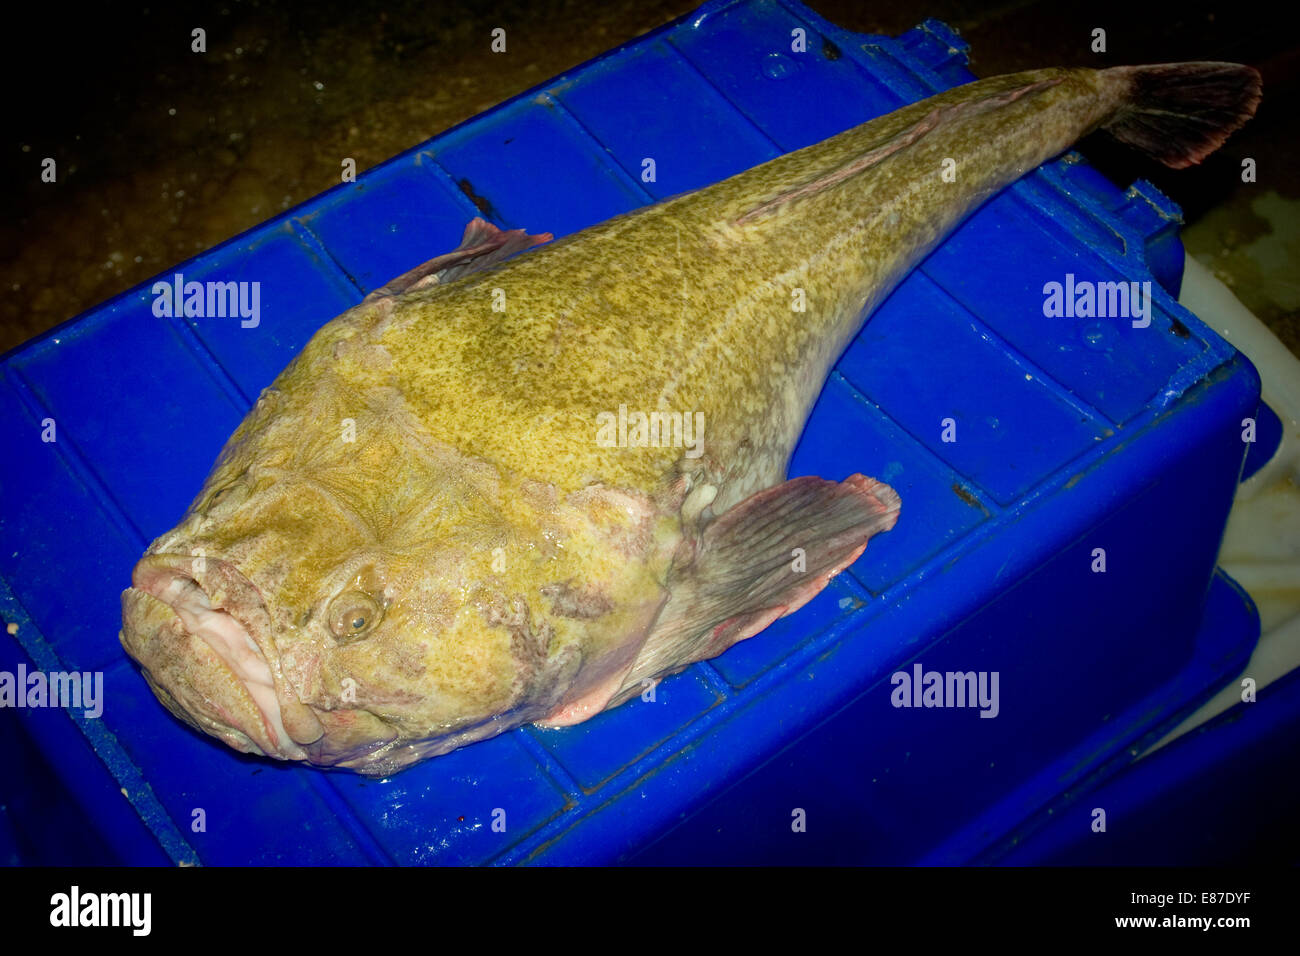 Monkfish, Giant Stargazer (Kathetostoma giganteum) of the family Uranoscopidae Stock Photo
------------------------------------------------
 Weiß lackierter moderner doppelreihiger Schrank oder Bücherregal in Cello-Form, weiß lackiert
------------------------------------------------
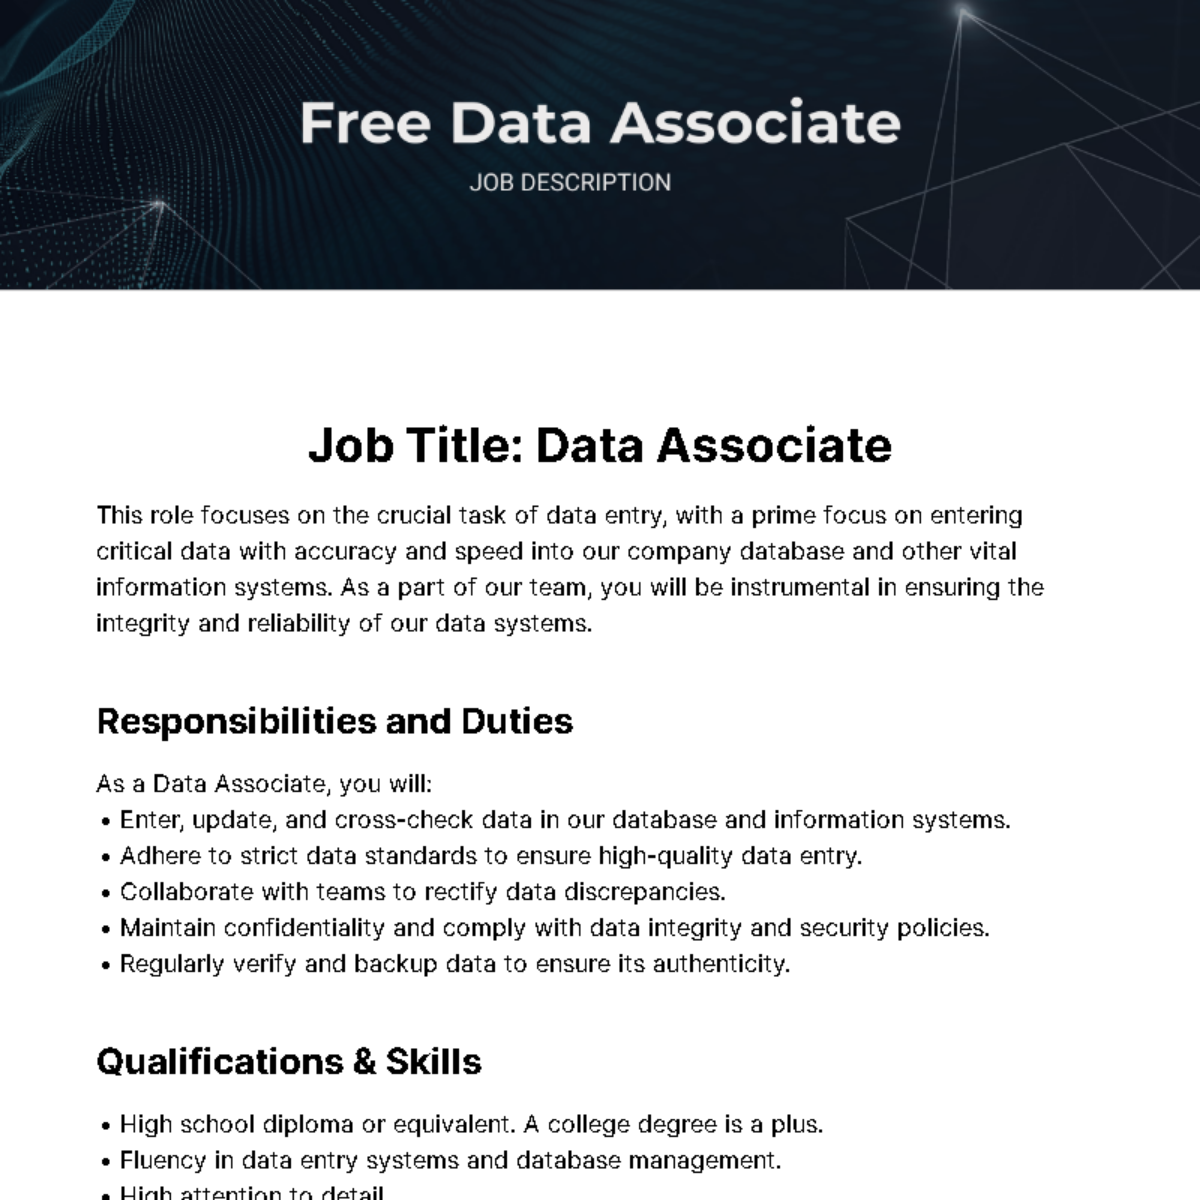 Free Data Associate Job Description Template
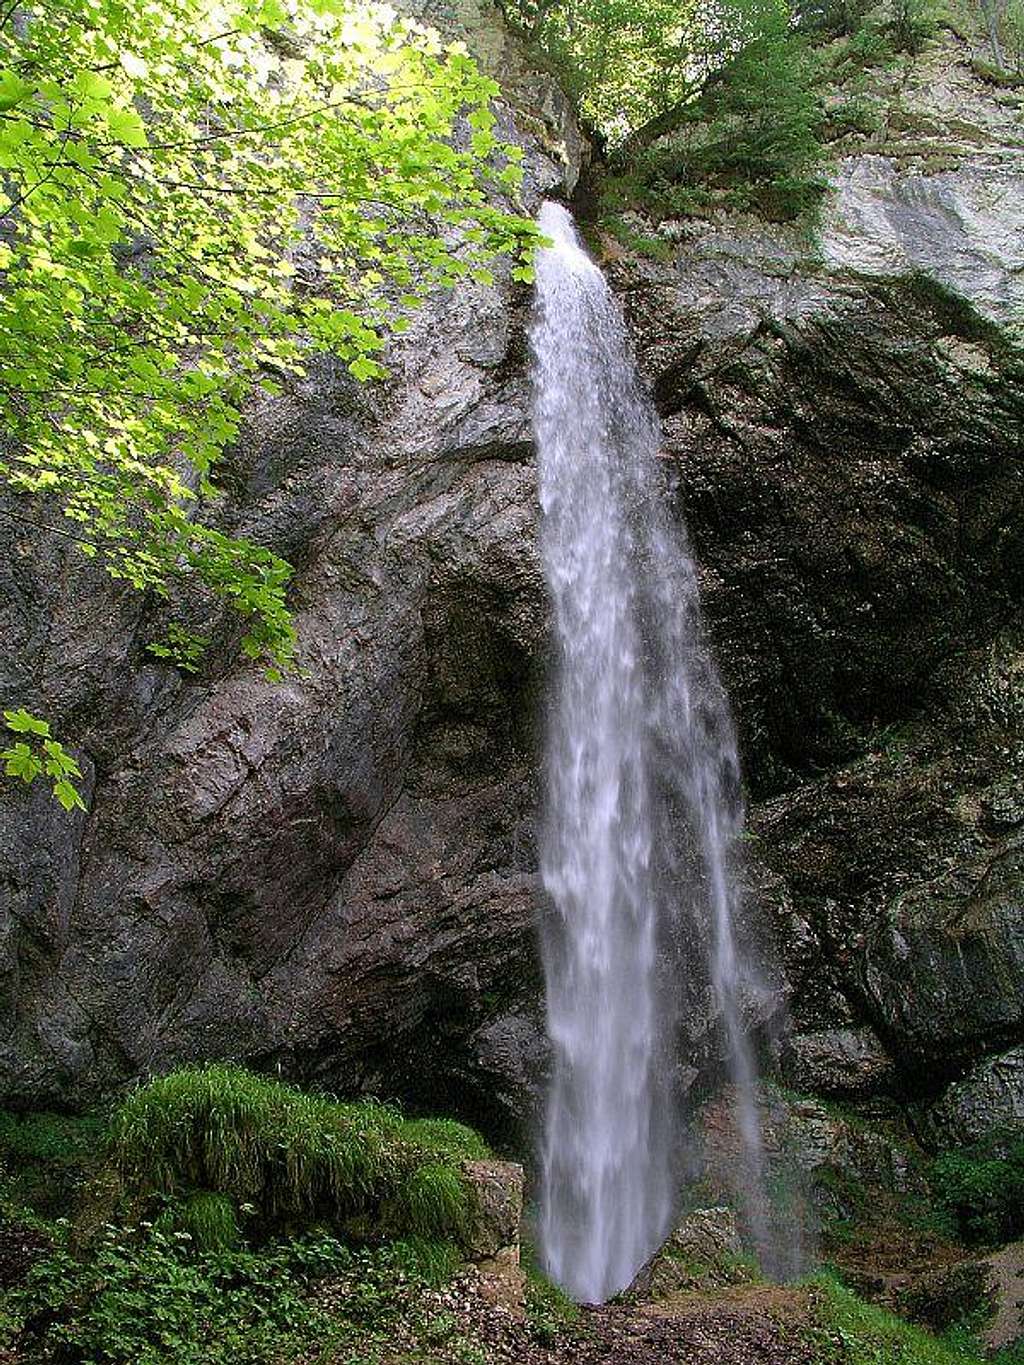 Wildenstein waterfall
------------------------------------------------
**What the task asks**
When you reach the line with "Free Data Associate Job Description Template" in the records above, start writing out each line exactly, and stop after the line with "Wildenstein waterfall". Pictures stay out.

**Solution to the problem**
 Free Data Associate Job Description Template
 Wildenstein waterfall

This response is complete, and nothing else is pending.